Online Question Bank : Word Problems : #1

I went over the online solution and looked at the different cases for each for example {-1,0,4} can be used to eliminate (A) because it has a median of 0 etc..

For this question I wonder if you could offer some advice on an method to apply to problems like this one.

I had started with a sample set of {1,2,3,4,5,6} and it took me a long time to try out the different cases that I just ended up trying to make a guess and went with the wrong answer choice.

Hi, Carla

I'd be happy to help! Please post the entire question and answer choices for any questions you have. (I'm sorry that I can't do this for you, but I have to respond to everyone's posts and I wouldn't have time to get through everything if I also had to look up and post all of the questions and answers for each request!) Thanks!

Hi Stacey,
I am sorry I must have missed this one.. the actual question is as follows:
Thank you so much for all of your help!!
-Carla


T is a set of y integers, where 0 < y < 7. If the average of Set T is the positive integer x, which of the following could NOT be the median of Set T?


0
x
–x
(1/3)y
(2/7)y

I think the answer is 2/7y.

Y is the number of integers in the set
X is the mean of the Y numbers
The median could be 0 with 2 numbers, 1, -1
The median could be x with 3 numbers, 1,2,3
The median could be -x with 3 numbers, -1,-2,-3
The median could be y/3 with 3 numbers 0,1,2
The median couldn't be 2y/7 with 2-6 numbers

Is that right?

Yes, that's the right answer! Just be careful, as some of the examples you used did not follow the constraint given in the question (that the average has to be a positive integer).

Carla, the best approach, since this is a negative question (which could NOT be the median) is to try to disprove each answer choice.

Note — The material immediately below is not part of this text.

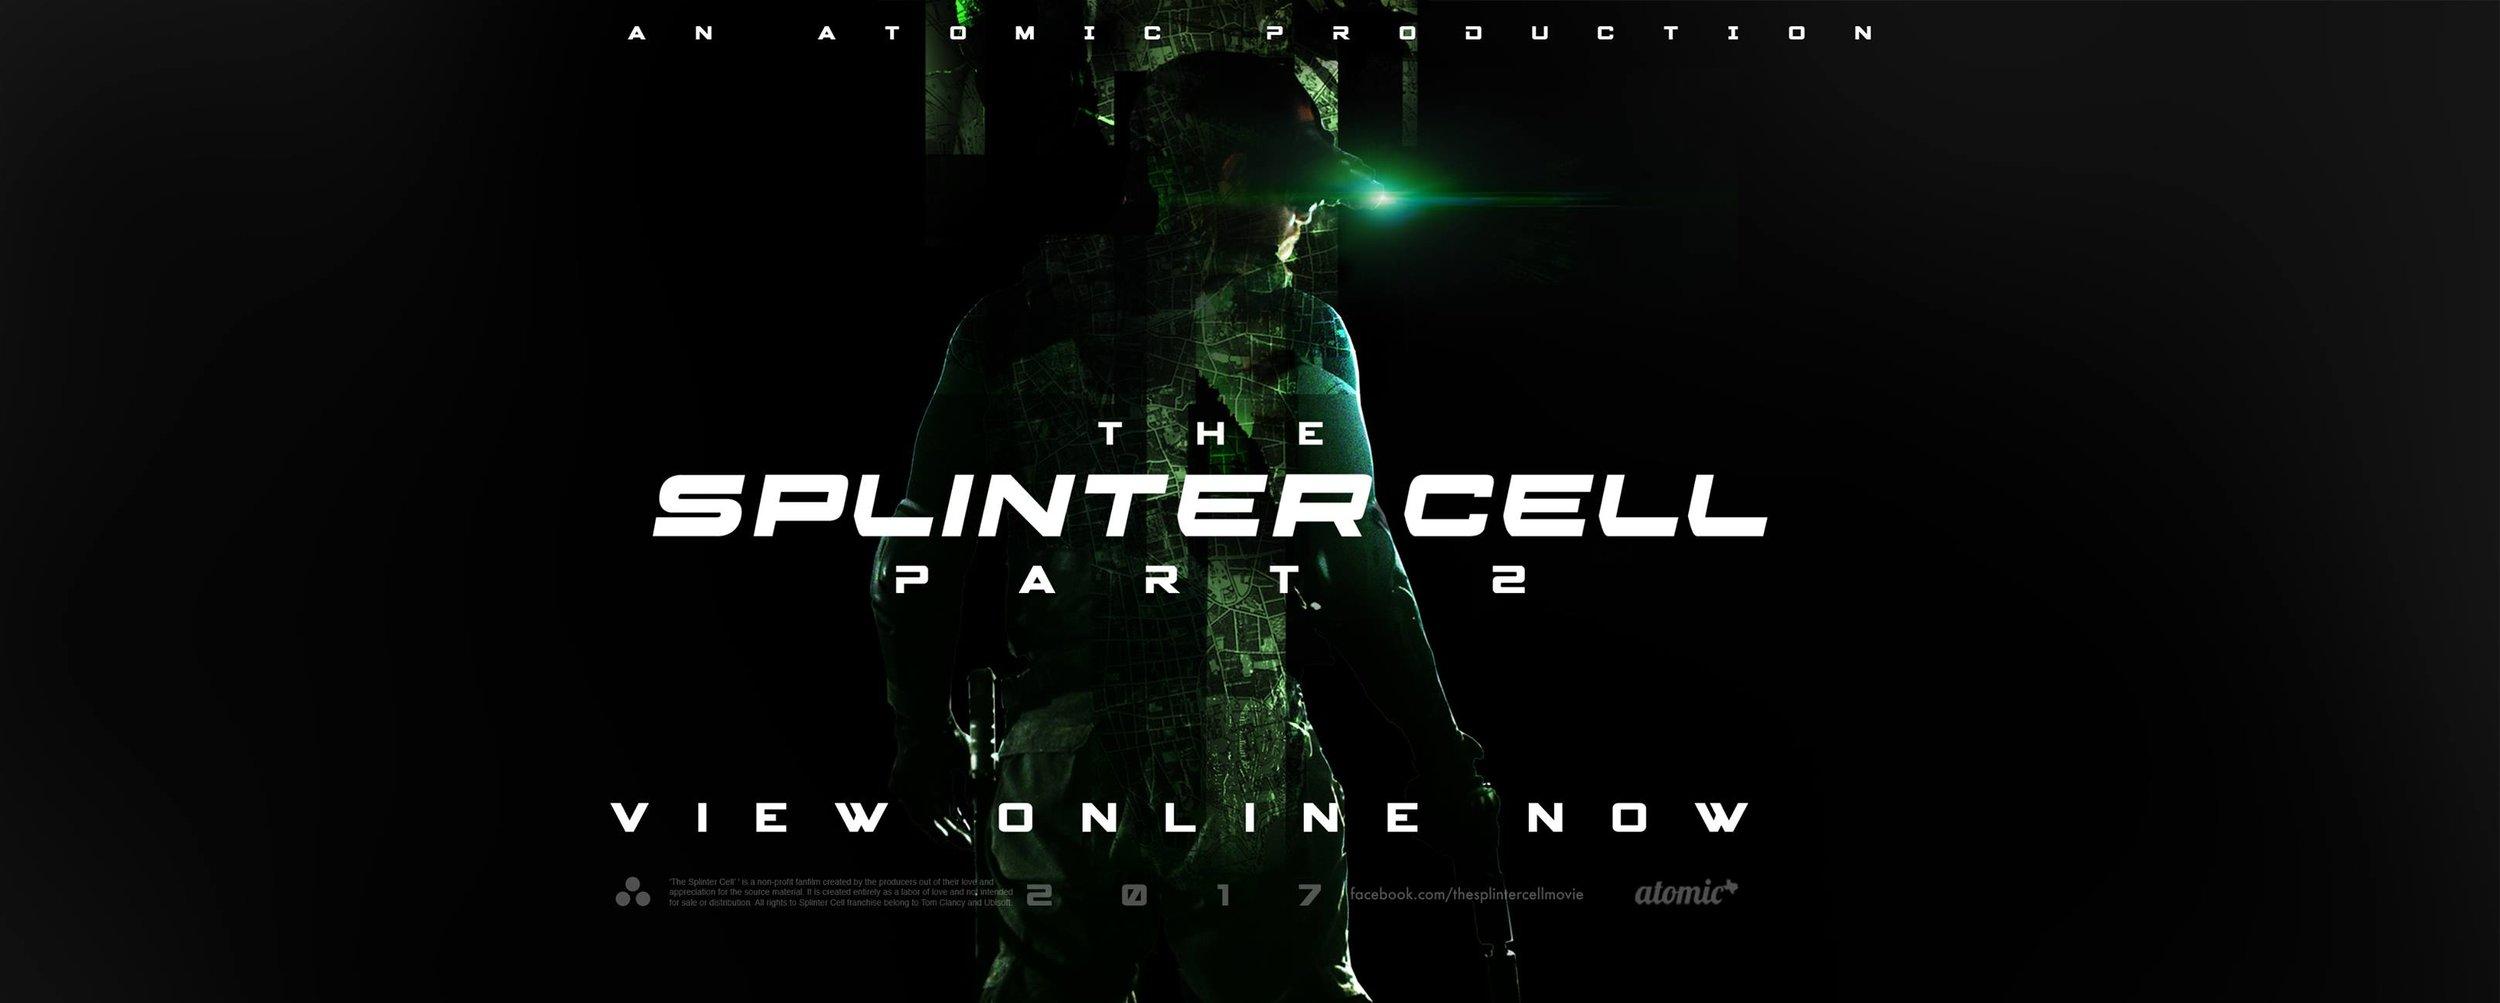 the-splinter-cell-part-2.jpg

The problem tells you that set T consists of y integers with y between zero and 7 - you chose to use 1 through 6, but this did not mean that the integers in T are zero thru 7; it means that the # of integers in T is somewhere between zero and 7. That is, you could have 1 integer in set T - and that integer could be anything.

This makes it easier to test the answer choices b/c you do not need to use so many numbers.

The problem tells us the average is a positive integer, so we have to follow this constraint. Other than that, I want to make my life as easy as possible, so I'm going to use the smallest numbers (and the smallest number of numbers in set T) that I can to test the choices.

A) zero. Can I make zero the median? I can have 3 integers with zero in the middle (__,0,__). As long as the average of the three is a positive integer, I'm fine. Let's minimize the negative number (to the left of zero) and call that -1. (-1,0,__). Now I just need a positive integer that will make the average also a positive integer. The smallest possible number that works is 4. (-1,0,4) the median is zero and the average is (-1+0+4)/3 = 1.

B) x. Can I make the median x? I can do any three consecutive positive integers. The median of the set will equal the average and the average will be a positive integer, as required. (1,2,3) is the simplest example.

C) -x. (__,-x,__) So the two left numbers have to be negative, and the right number has to be bigger to make the average positive. (-2,-1,__) is the simplest to start. That adds to -3. If I choose +6 for the third number, the three numbers will add to +3 and average (x) to 1. -x = -1. (-2,-1,6)

D) (1/3)y. (__,y/3,__). y has to be an integer between 0 and 7. It also has to be divisible by 3 (because the numbers in set T are all integers). My two possibilities for y, then, are 3 and 6. Start with the smallest one, as always. If y=3, then y/3 = 1. (__,1,__) Simplest possibility is (0,1,2) which has a positive integer average and a median equal to y/3.

E) (2/7)y. (__,2y/7,__). As before, y has to be an integer between 0 and 7, and 2y/7 also has to be an integer. 1 doesn't work. Neither do 2, 3, 4, 5, or 6. None of those will create an integer for 2y/7. This is the correct answer.